◆ **Exercise objective**: The material below holds a span beginning at the line with "A lighthouse shining" and ending at the line with "Get your books". Quote that span exactly, both ends included, and only that span.

◆ **Record set**:
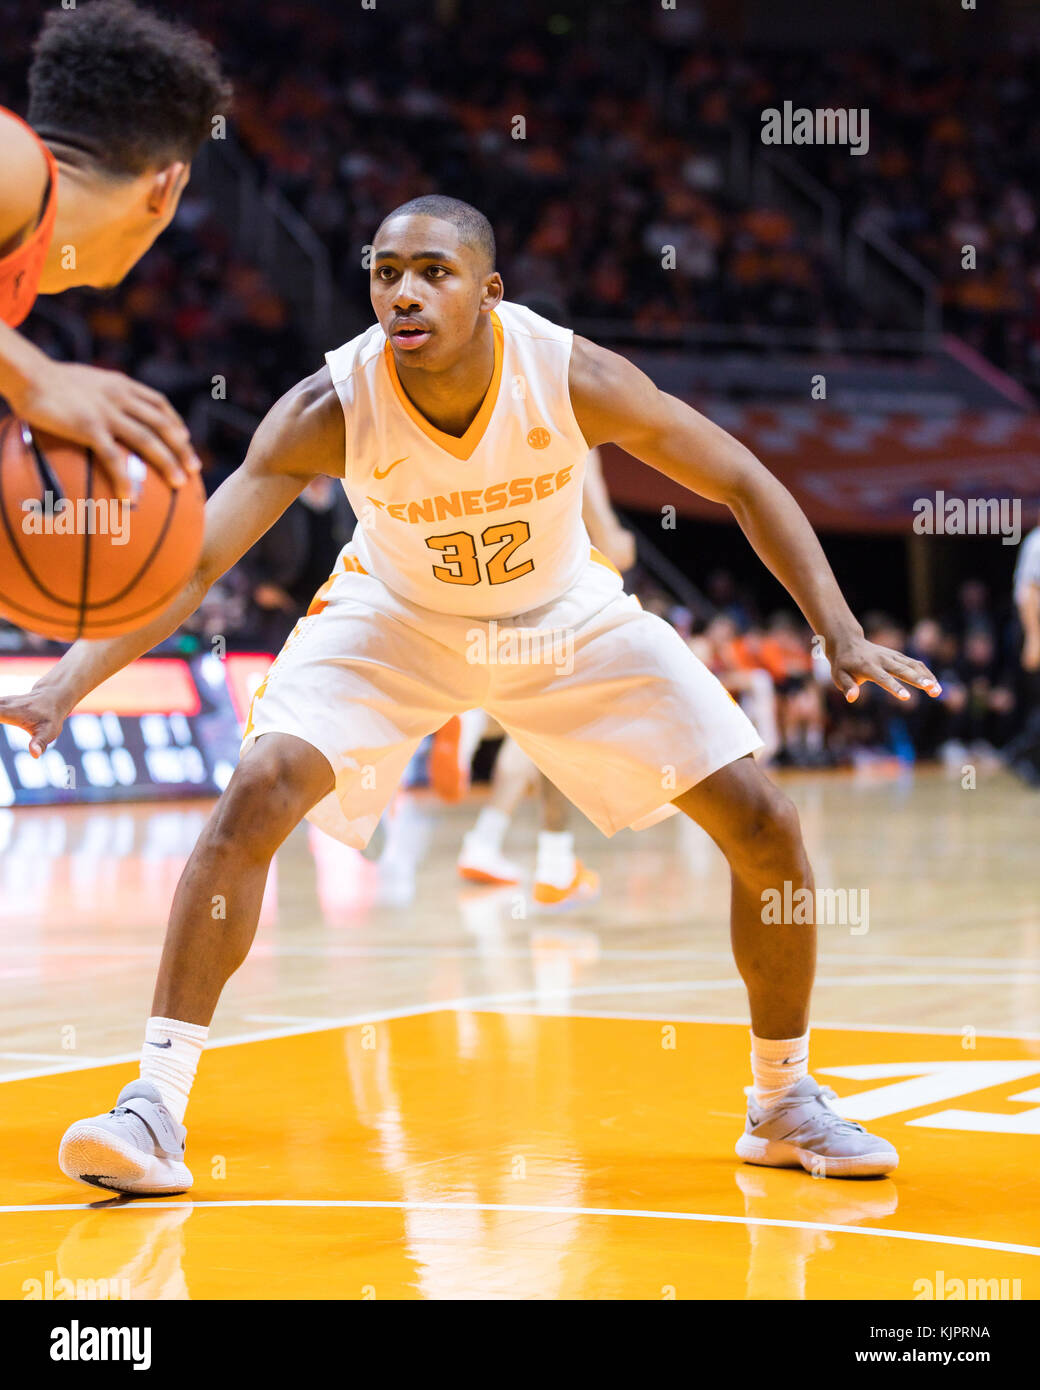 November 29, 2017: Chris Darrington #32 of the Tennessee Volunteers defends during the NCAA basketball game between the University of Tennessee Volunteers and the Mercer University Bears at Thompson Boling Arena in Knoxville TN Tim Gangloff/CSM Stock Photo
==
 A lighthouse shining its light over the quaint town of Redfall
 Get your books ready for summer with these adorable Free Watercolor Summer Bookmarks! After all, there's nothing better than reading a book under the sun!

◆ **Problem solution**:
 A lighthouse shining its light over the quaint town of Redfall
 Get your books ready for summer with these adorable Free Watercolor Summer Bookmarks! After all, there's nothing better than reading a book under the sun!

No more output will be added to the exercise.